:: AVAILABLE DATA ::

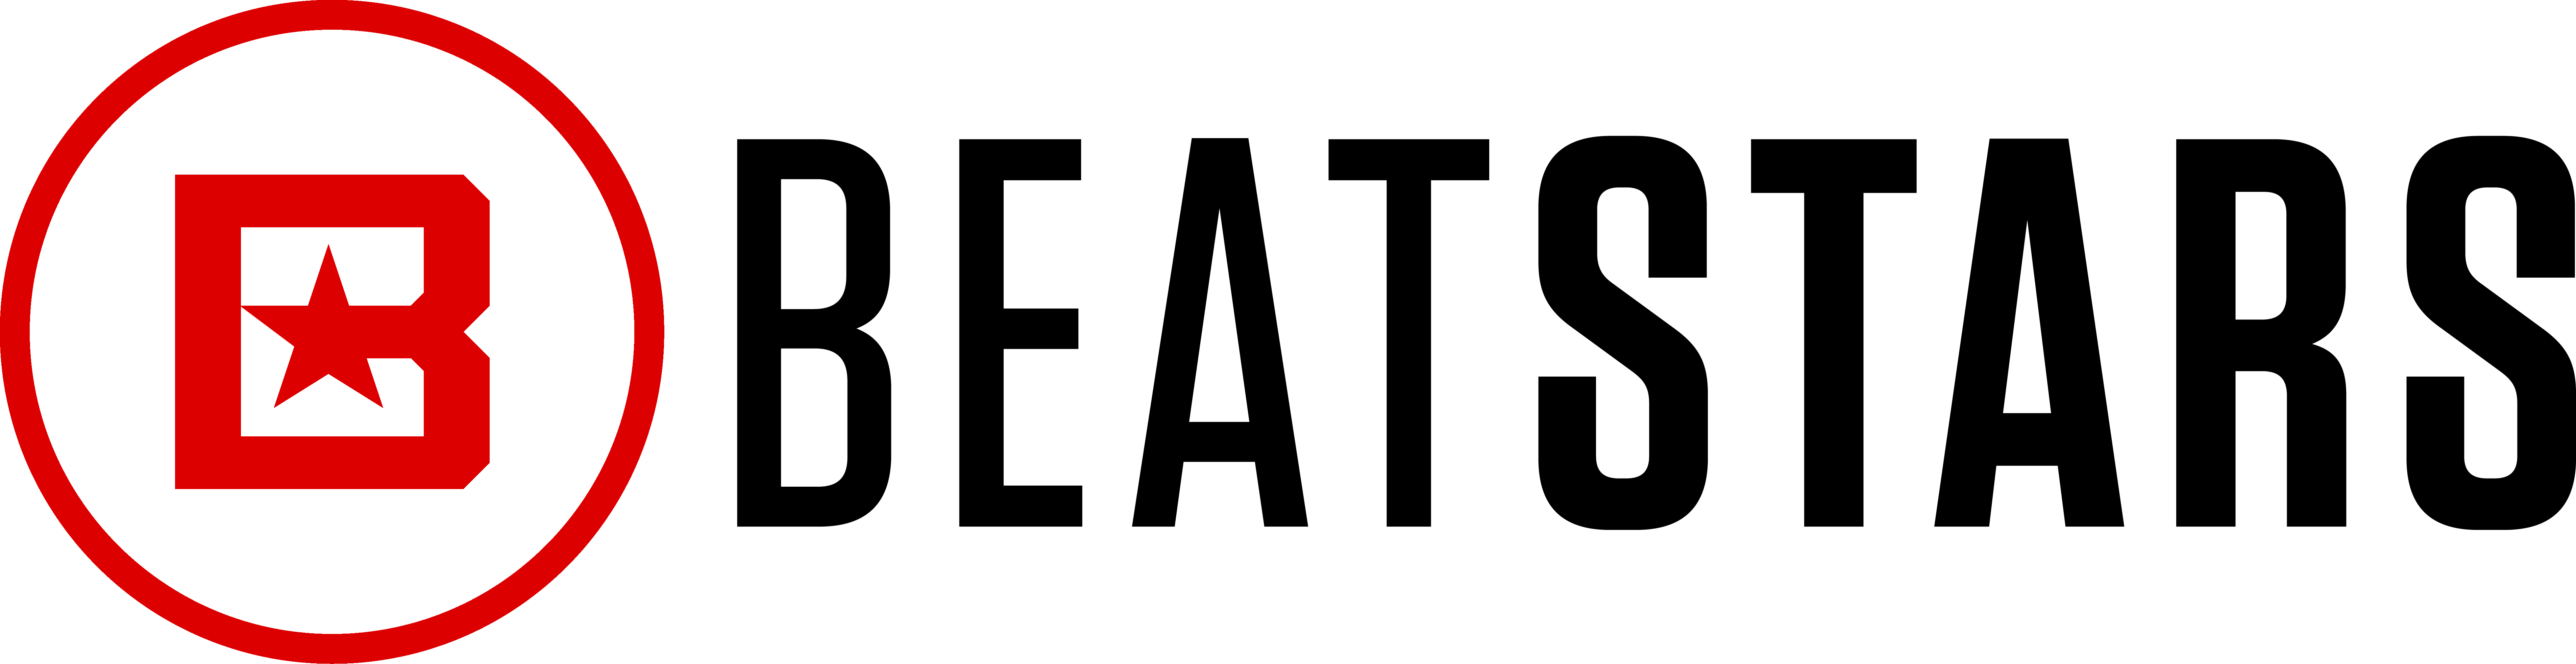 beatstars-full-logo
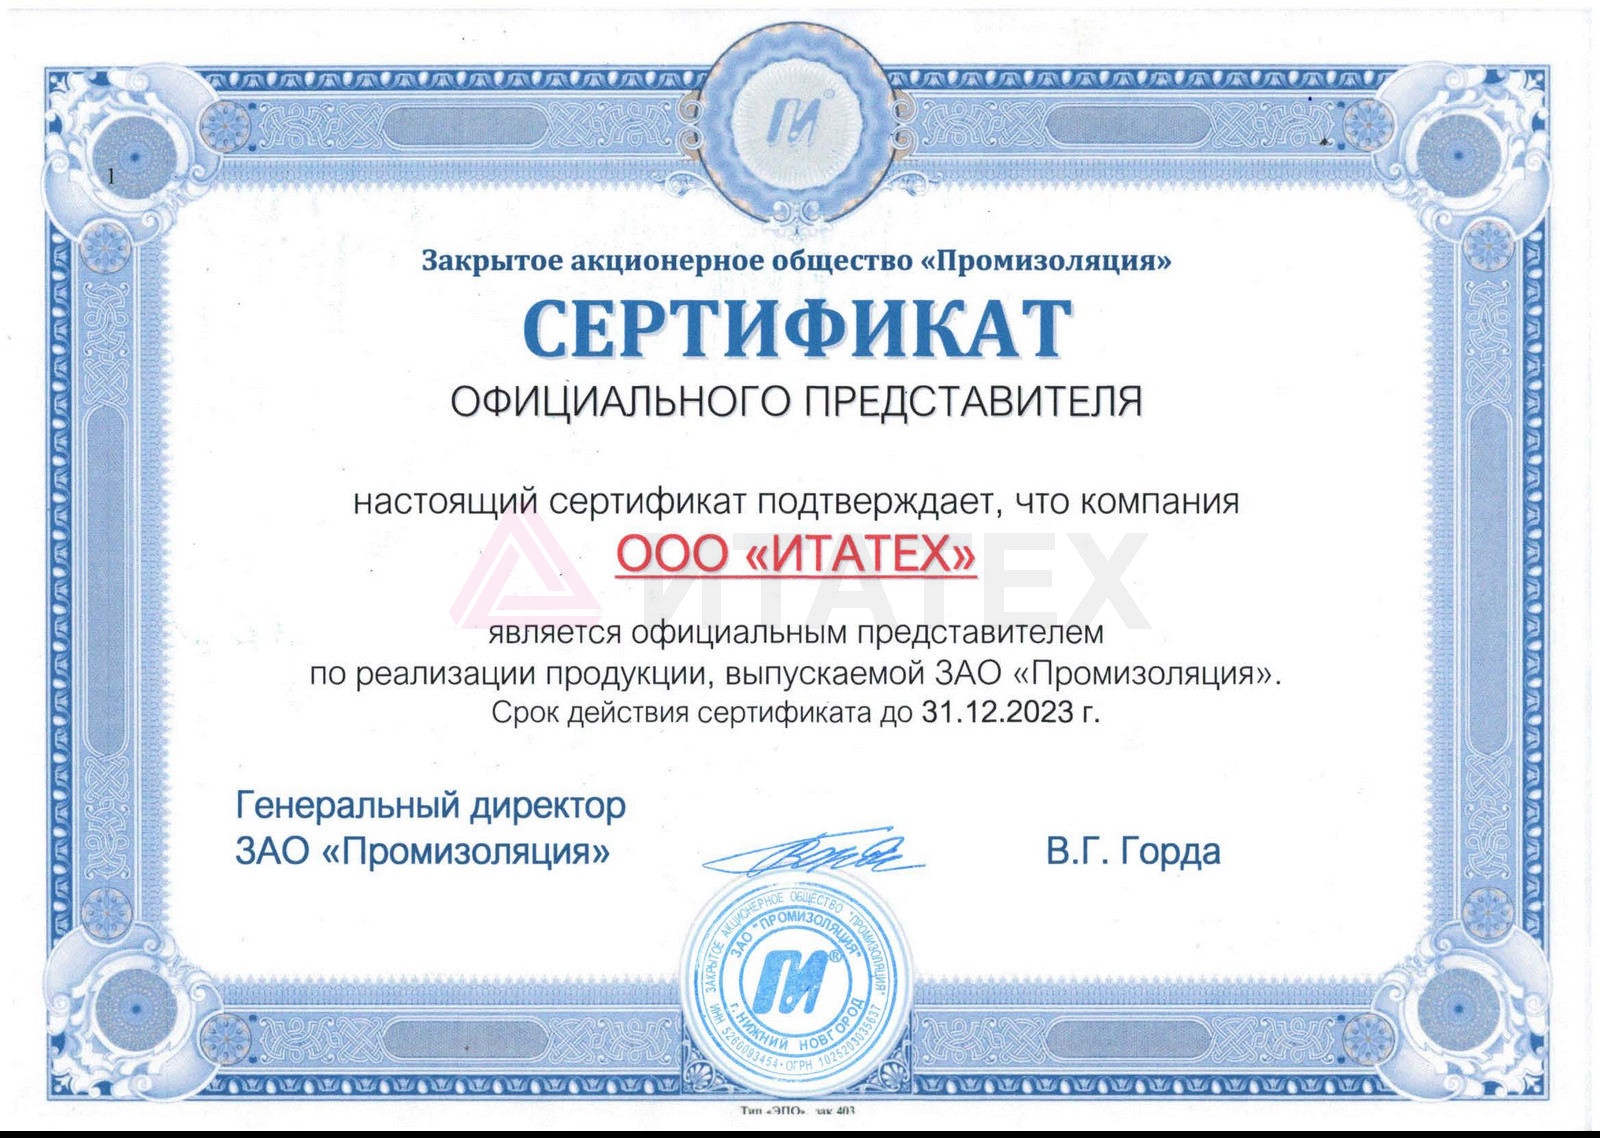 Сертификат Промизоляция
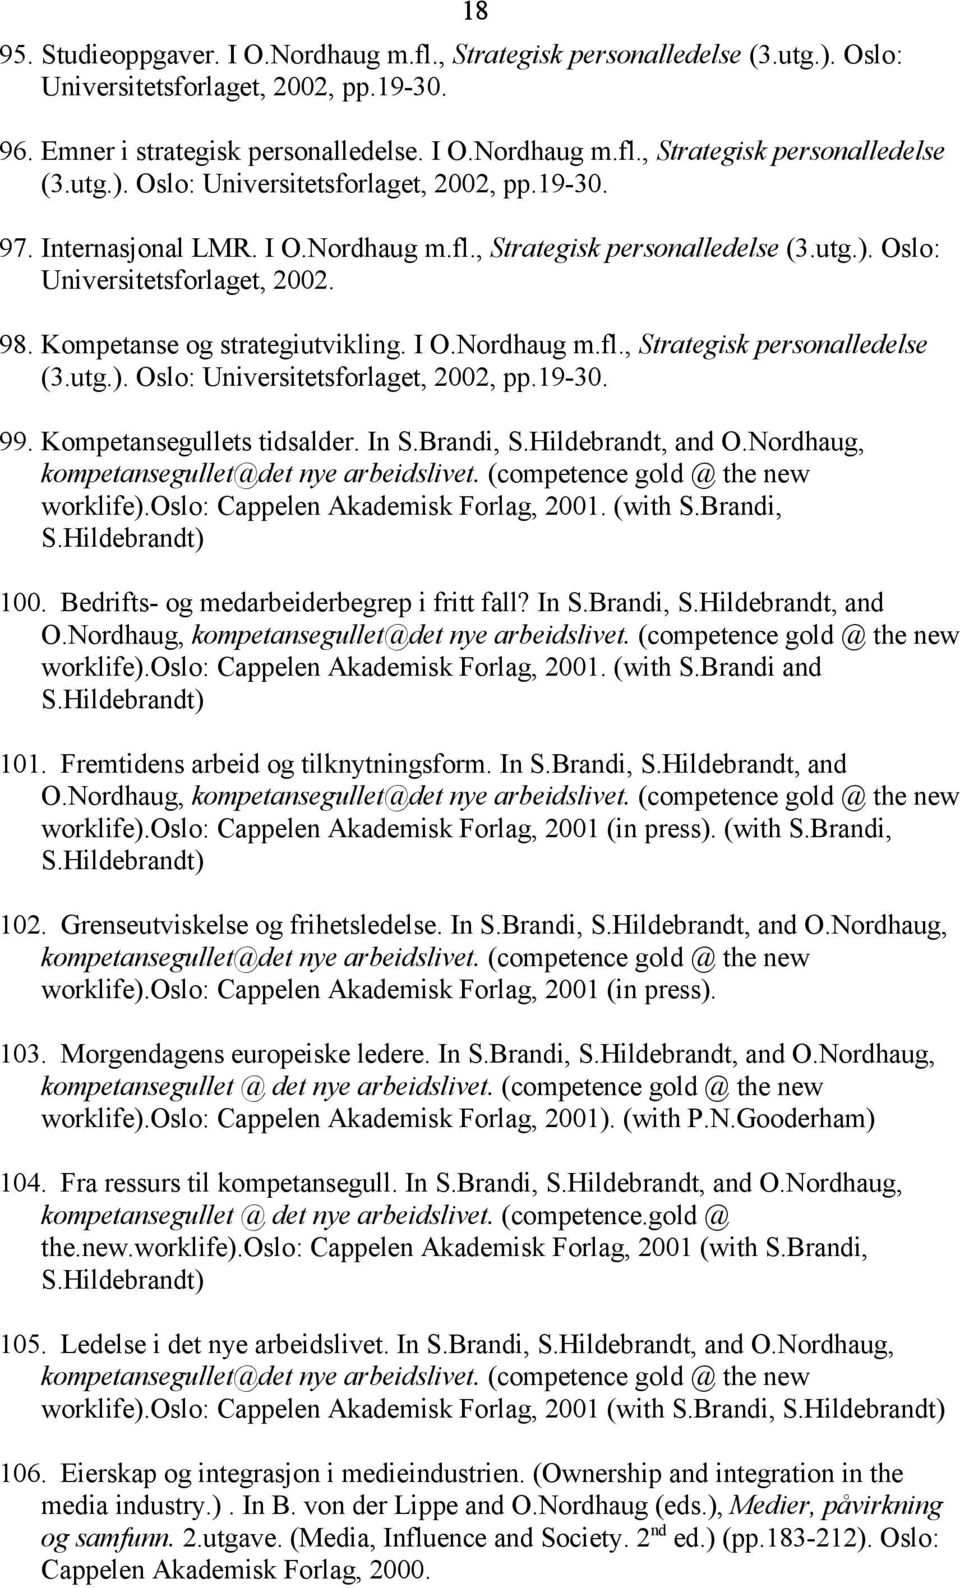 19-30. 99. Kompetansegullets tidsalder. In S.Brandi, S.Hildebrandt, and O.Nordhaug, kompetansegullet@det nye arbeidslivet. (competence gold @ the new worklife).oslo: Cappelen Akademisk Forlag, 2001.

:::

Exclude every image and return the material above exactly.

 beatstars-full-logo
 Сертификат Промизоляция
 19-30. 99. Kompetansegullets tidsalder. In S.Brandi, S.Hildebrandt, and O.Nordhaug, kompetansegullet@det nye arbeidslivet. (competence gold @ the new worklife).oslo: Cappelen Akademisk Forlag, 2001.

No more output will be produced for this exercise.